What is being asked | Print the listing below verbatim, passing over each picture.

Provided data |
>>>

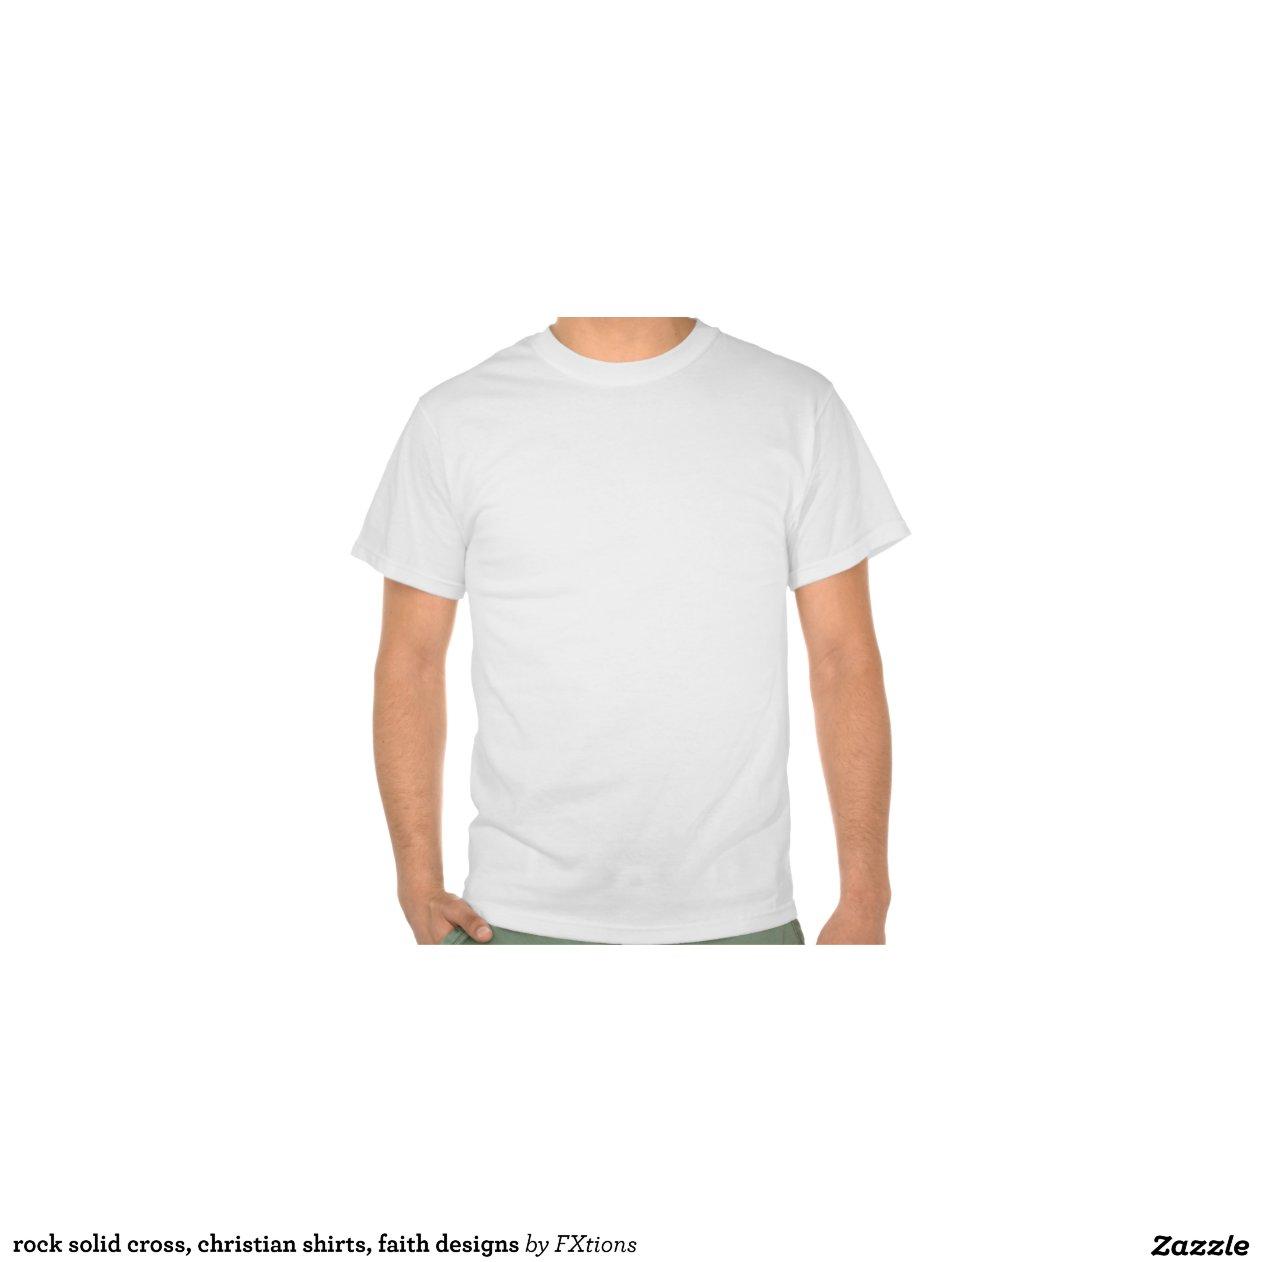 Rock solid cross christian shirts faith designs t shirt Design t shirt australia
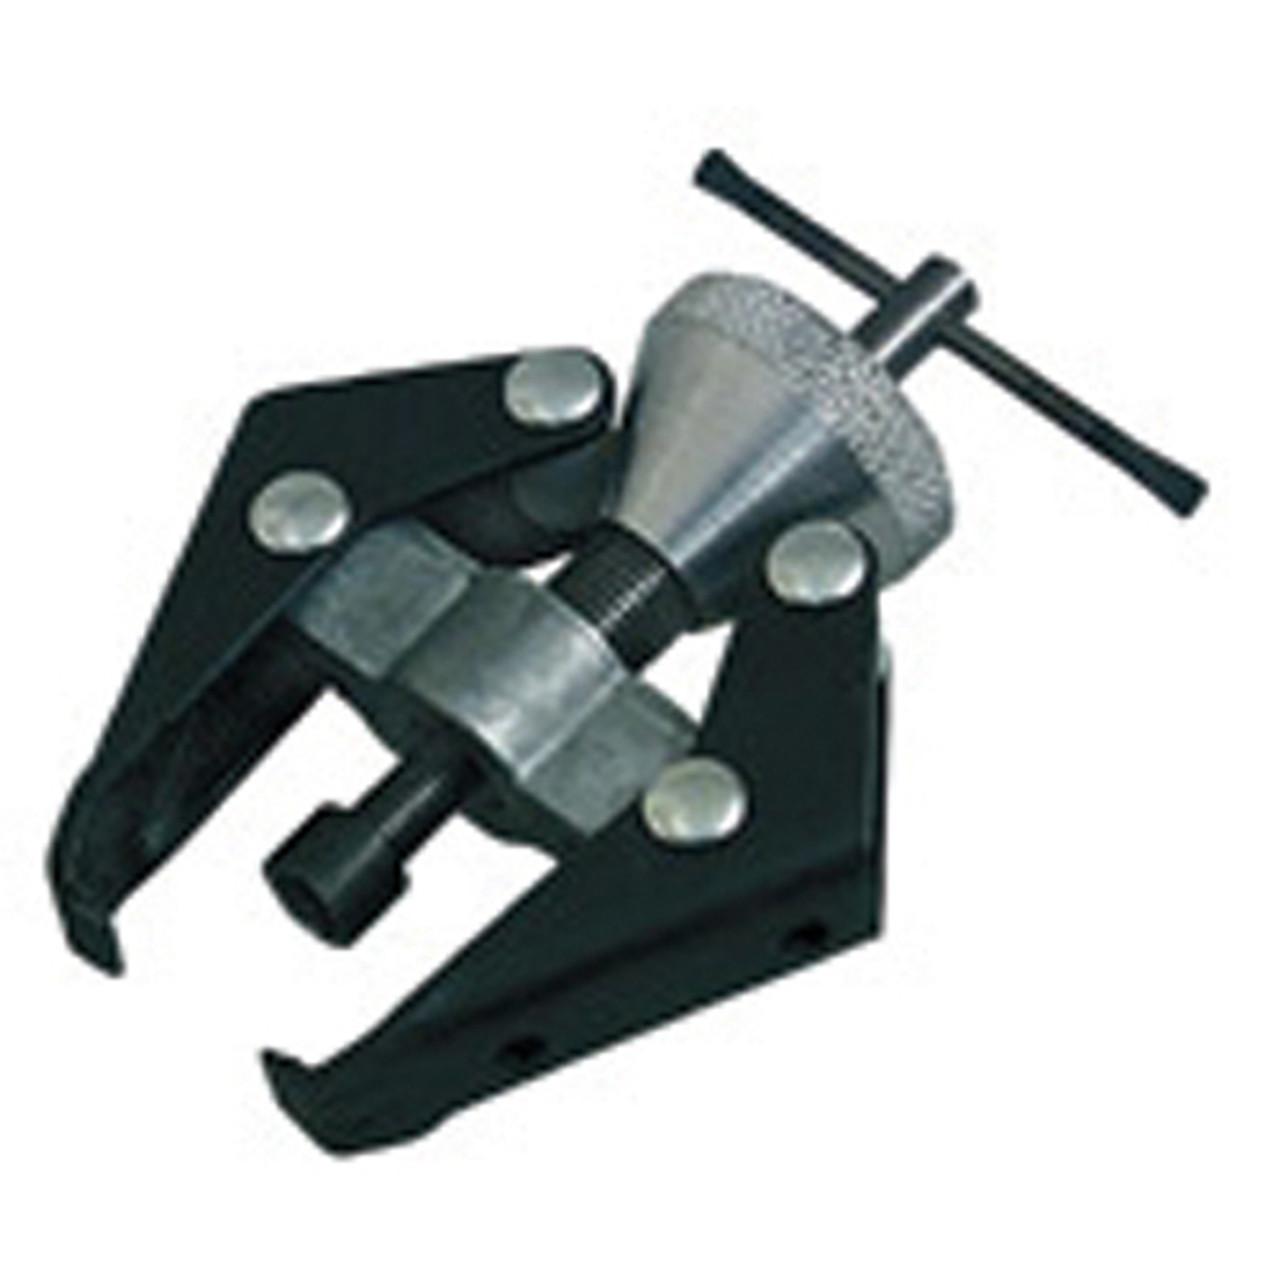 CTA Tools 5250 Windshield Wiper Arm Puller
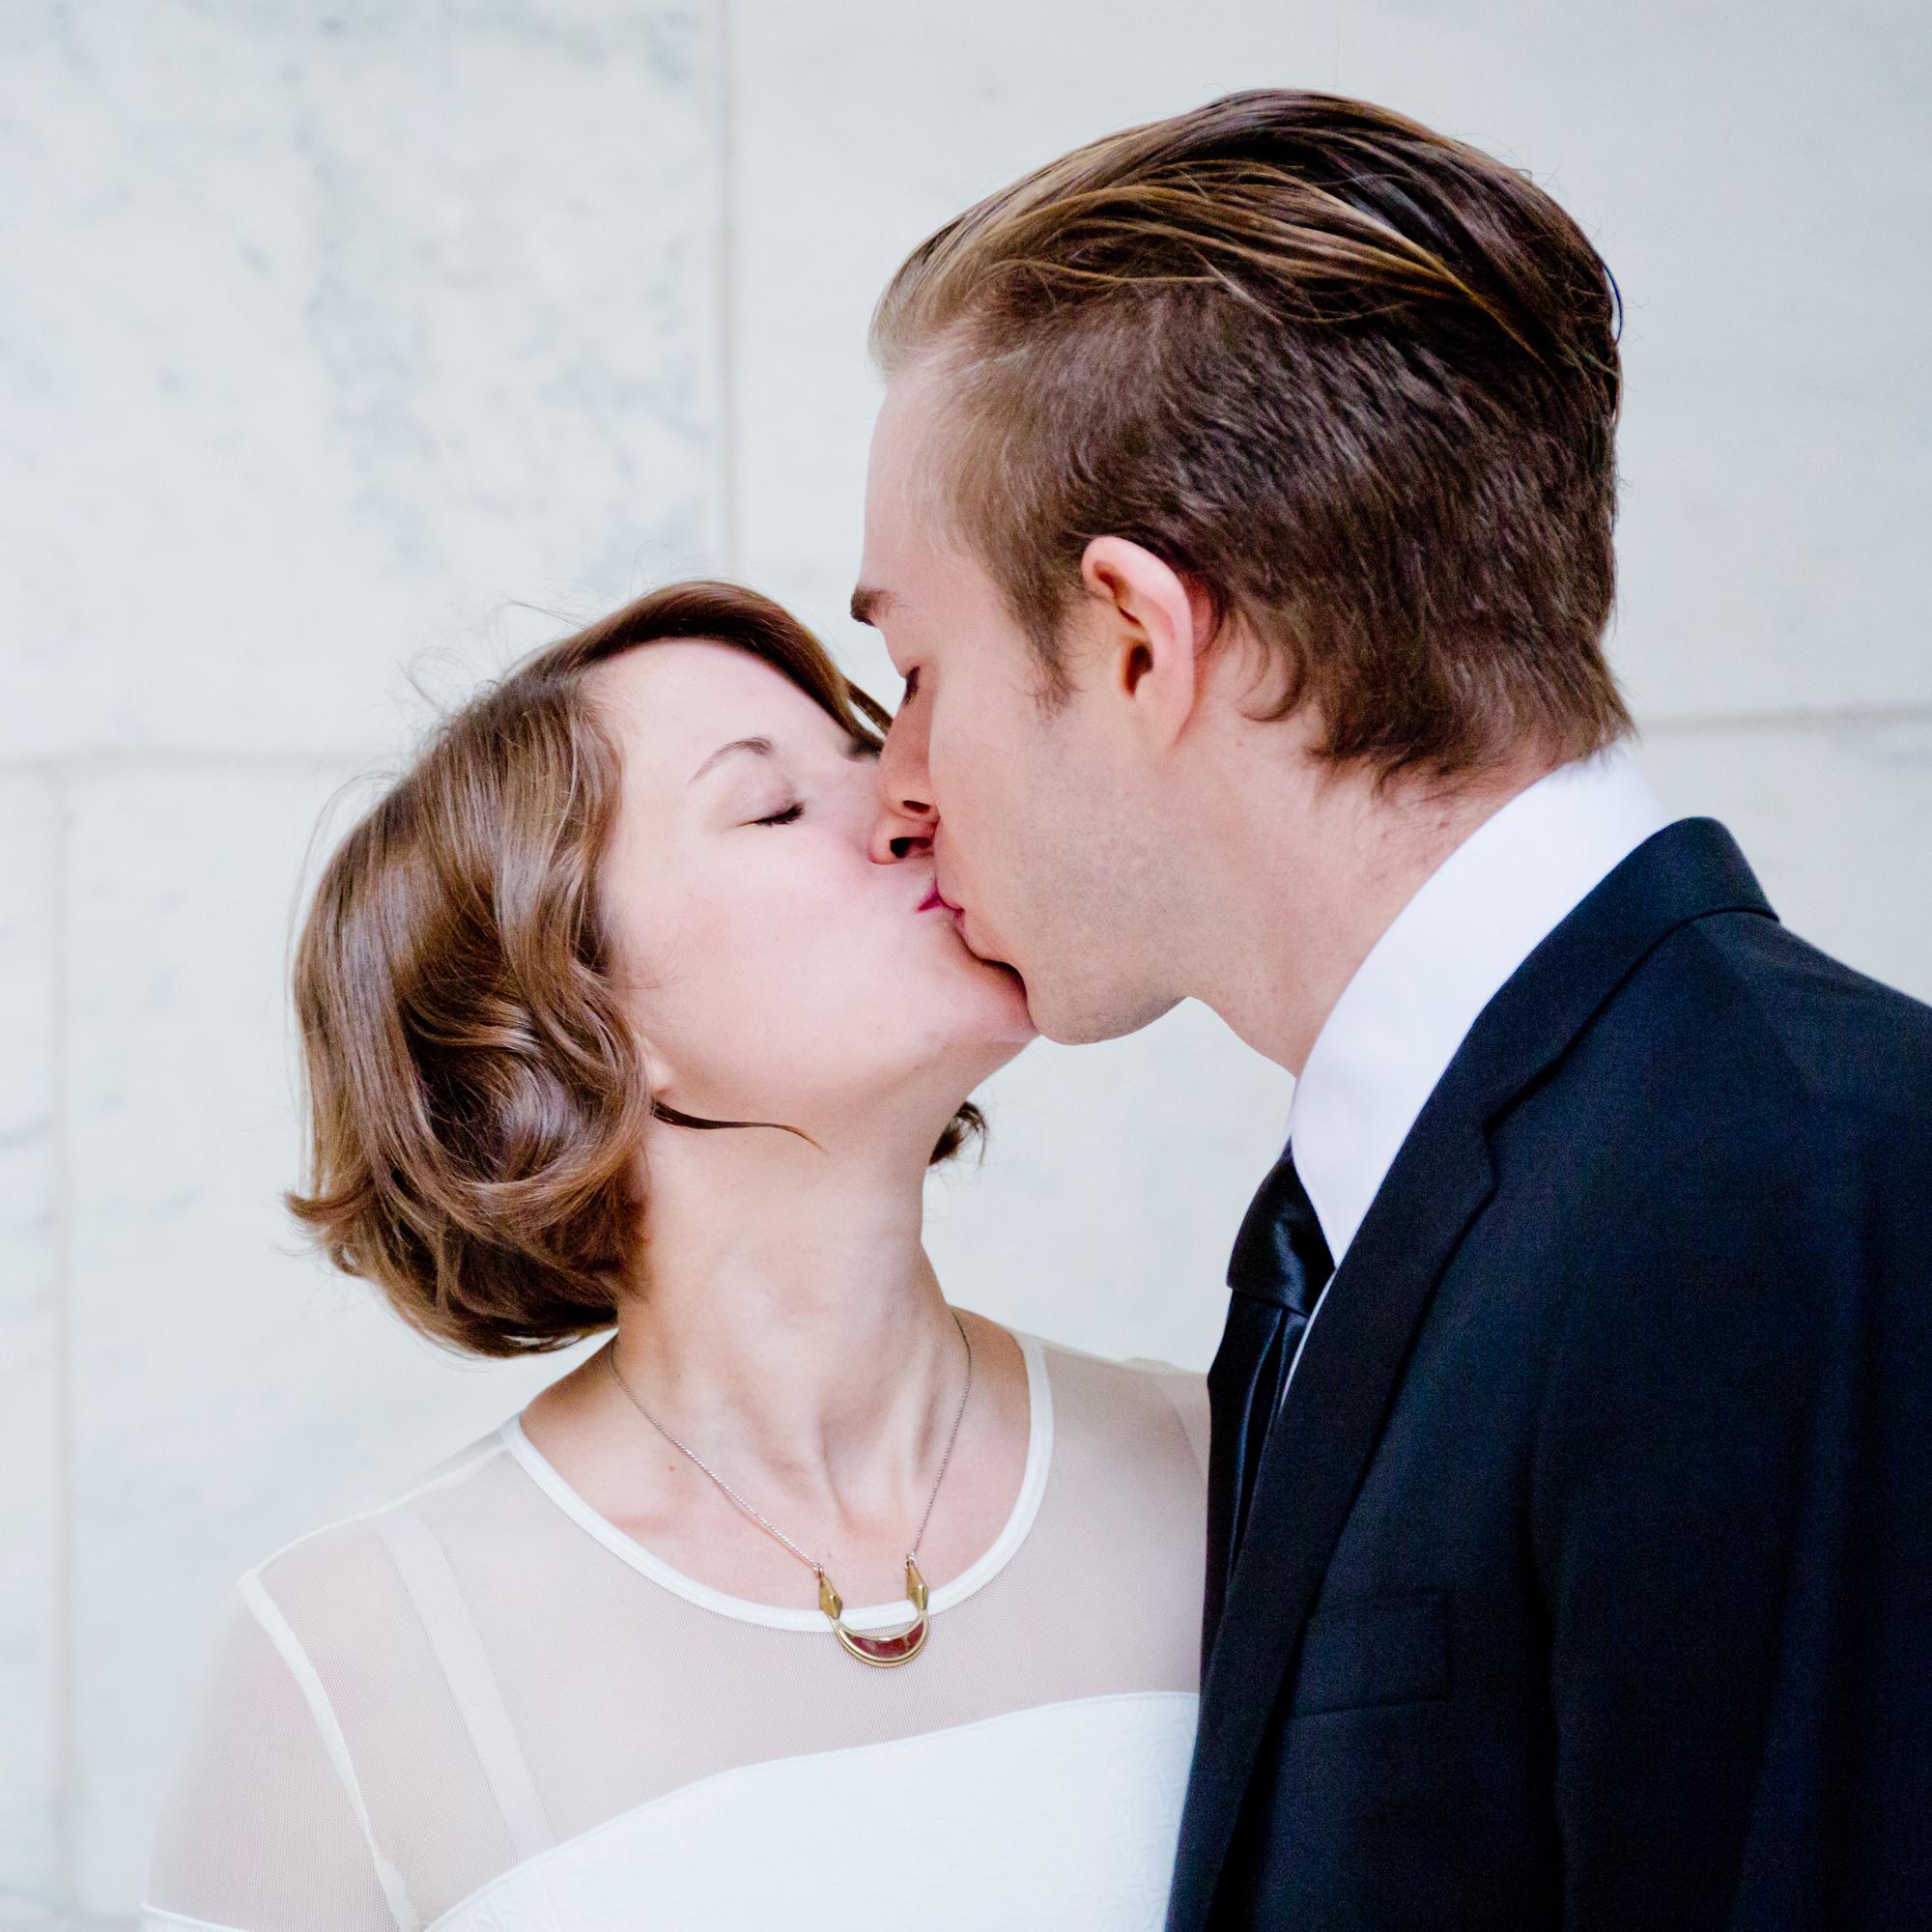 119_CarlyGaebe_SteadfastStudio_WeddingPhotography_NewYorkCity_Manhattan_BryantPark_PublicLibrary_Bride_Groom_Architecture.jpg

<<<

Task answer |
 Rock solid cross christian shirts faith designs t shirt Design t shirt australia
 CTA Tools 5250 Windshield Wiper Arm Puller
 119_CarlyGaebe_SteadfastStudio_WeddingPhotography_NewYorkCity_Manhattan_BryantPark_PublicLibrary_Bride_Groom_Architecture.jpg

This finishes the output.